INFORMATION SHOWN section start

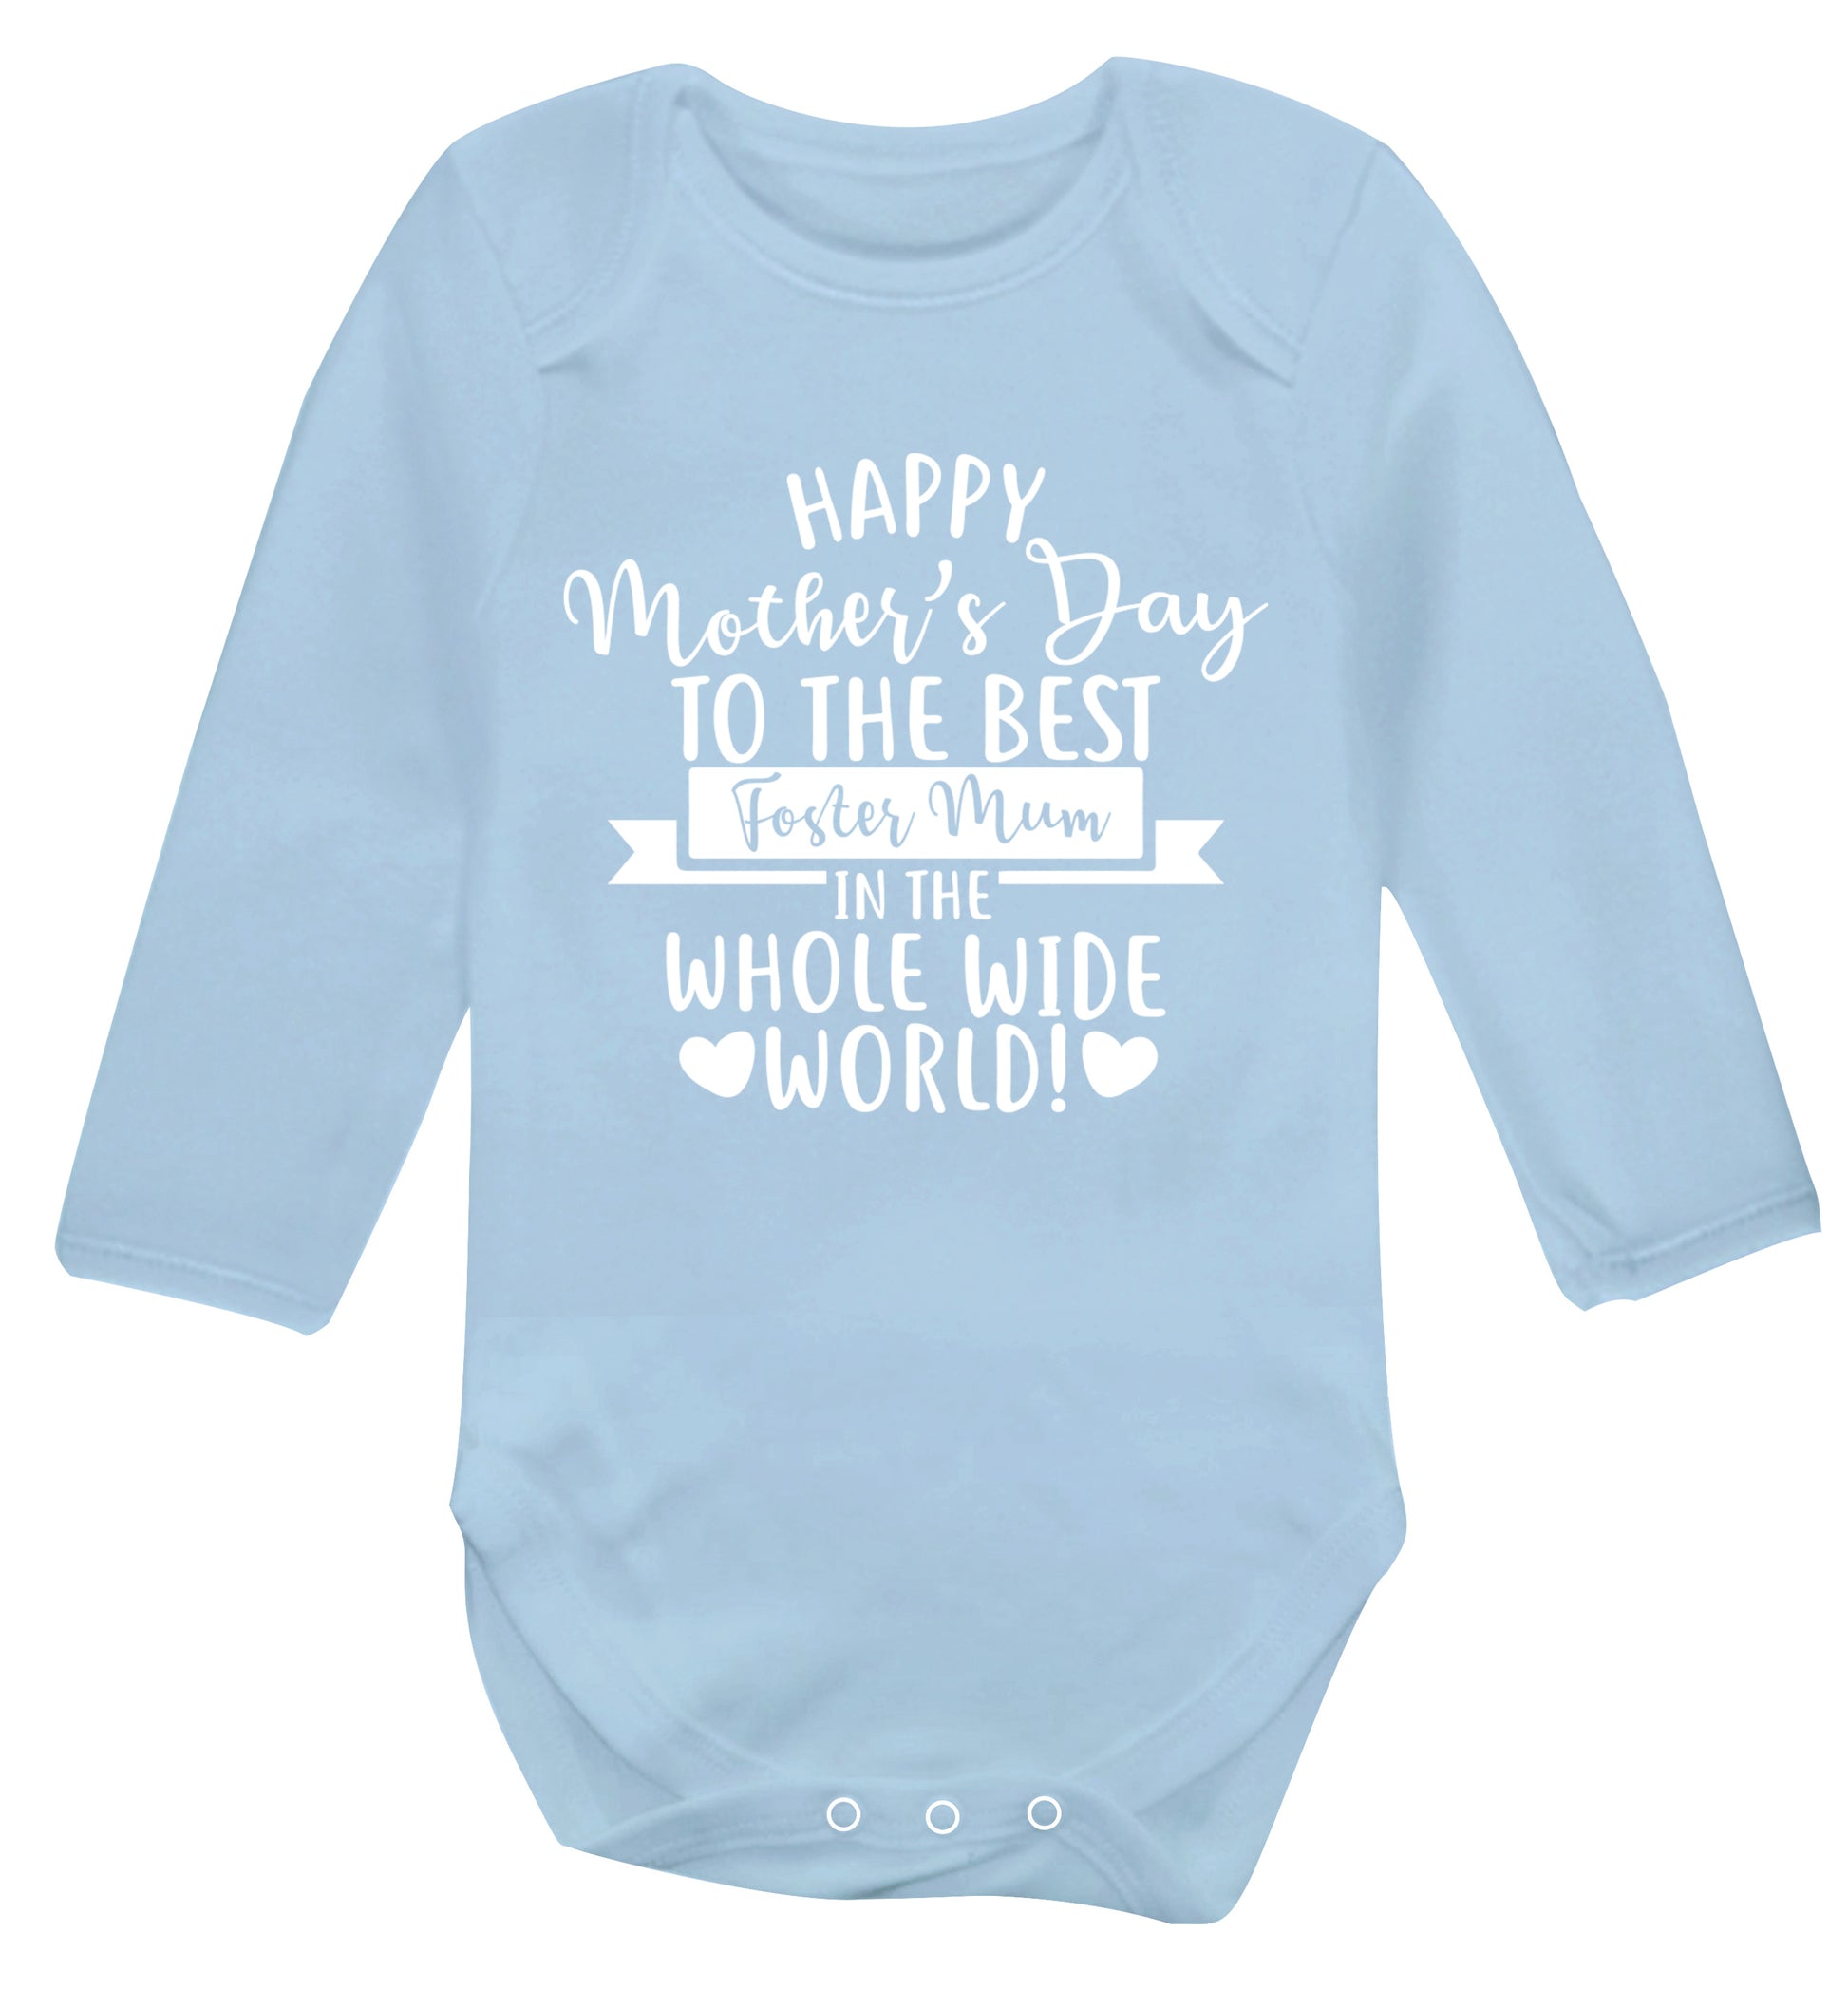 Happy mother's day to the best foster mum in the world Baby Vest long sleeved pale blue 6-12 months
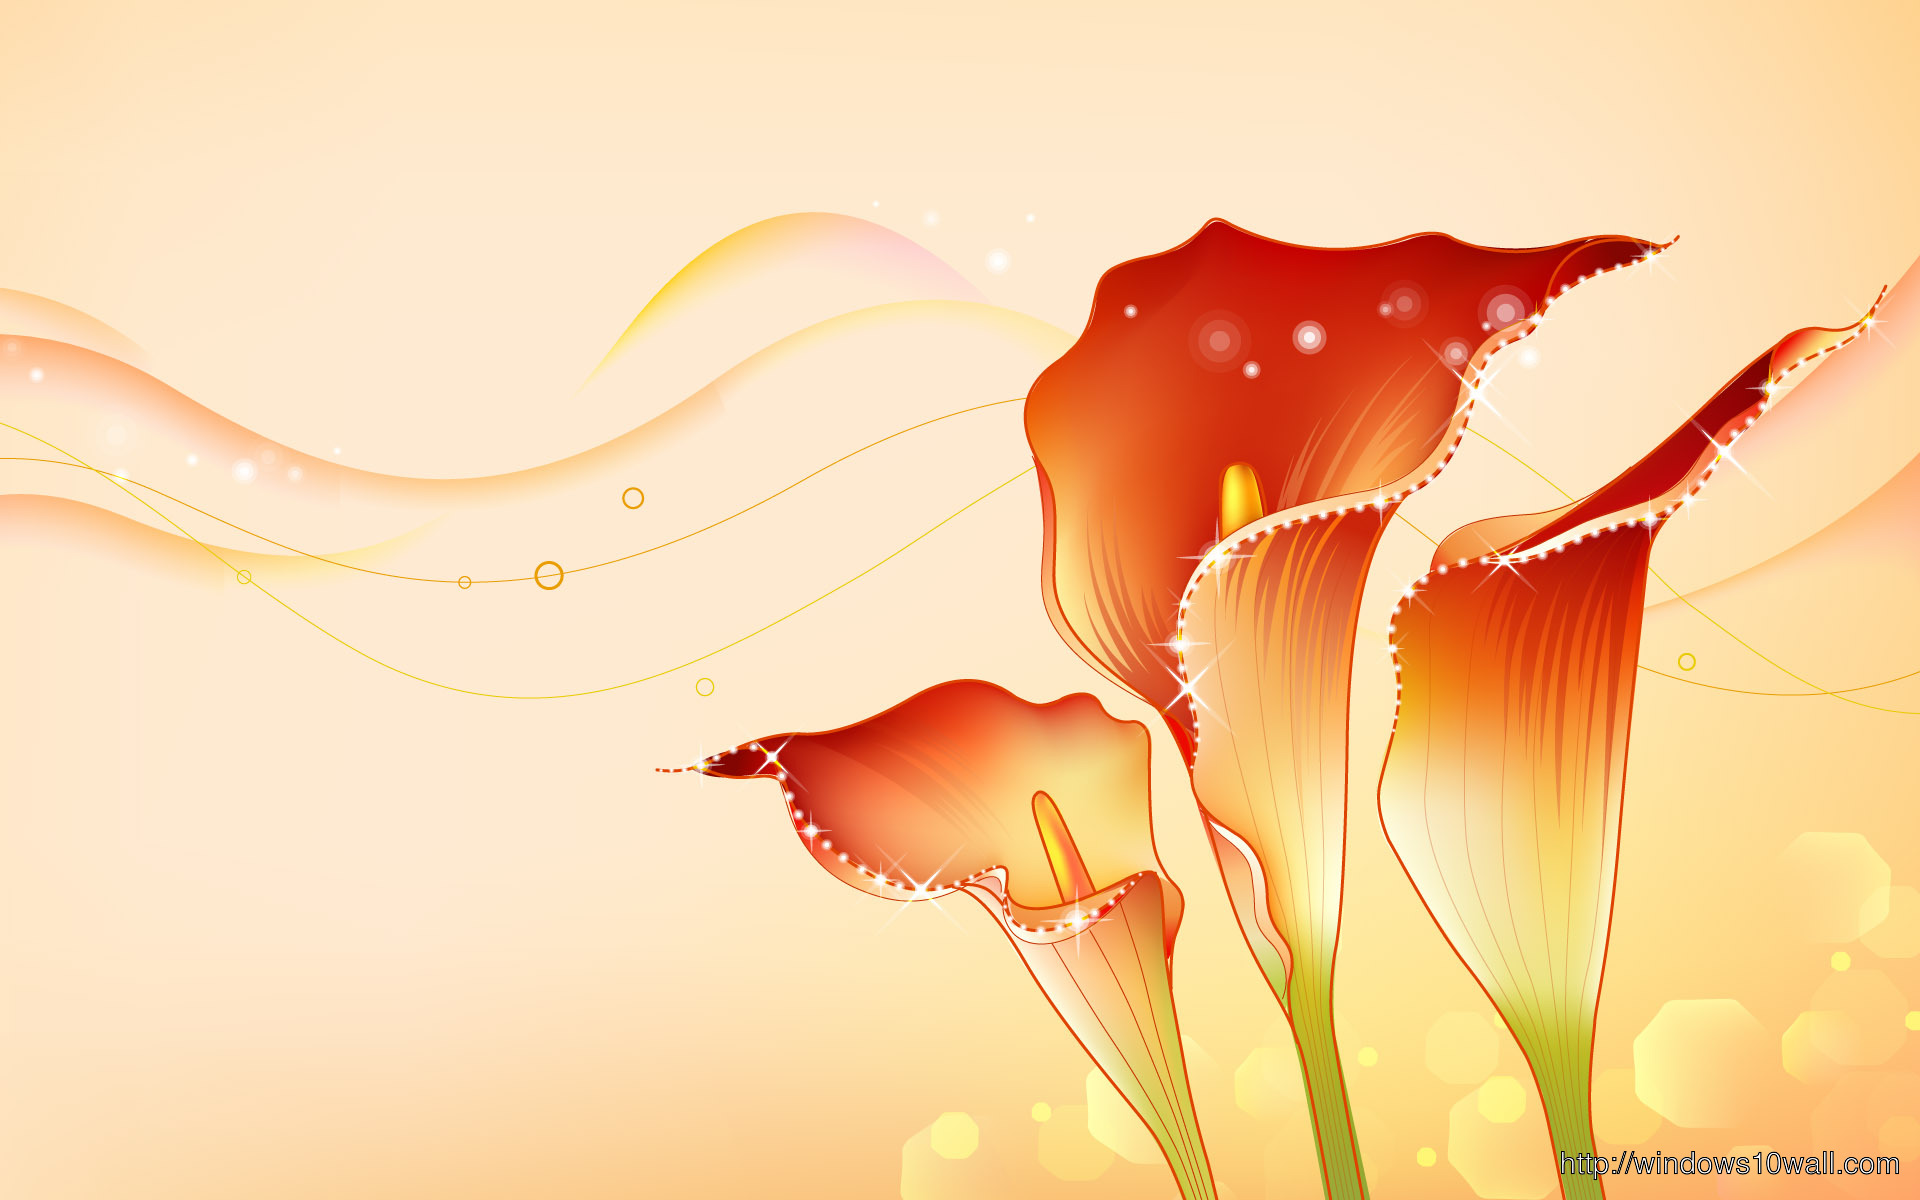 New Abstract Flowers Design Background Wallpaper
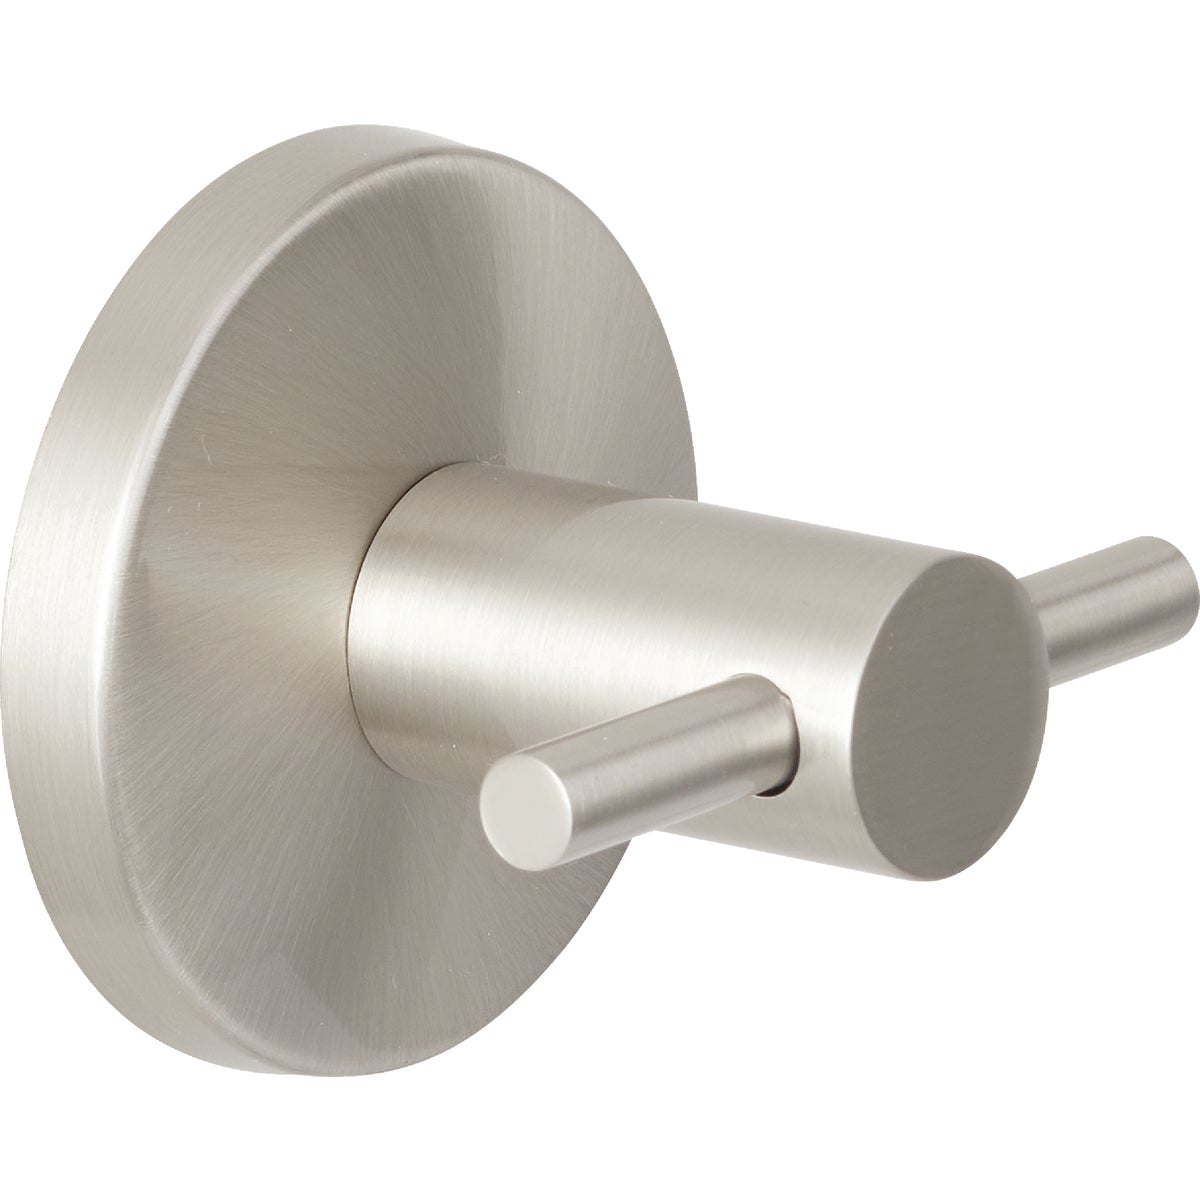 Home Impressions Trition Brushed Nickel Robe Hook

INFORMATION SHOWN section end

=== WHAT IS BEING ASKED ===
The response must match the listing exactly, except that pictures are removed.

=== ANSWER SPACE ===
 Happy mother's day to the best foster mum in the world Baby Vest long sleeved pale blue 6-12 months
 New Abstract Flowers Design Background Wallpaper
 Home Impressions Trition Brushed Nickel Robe Hook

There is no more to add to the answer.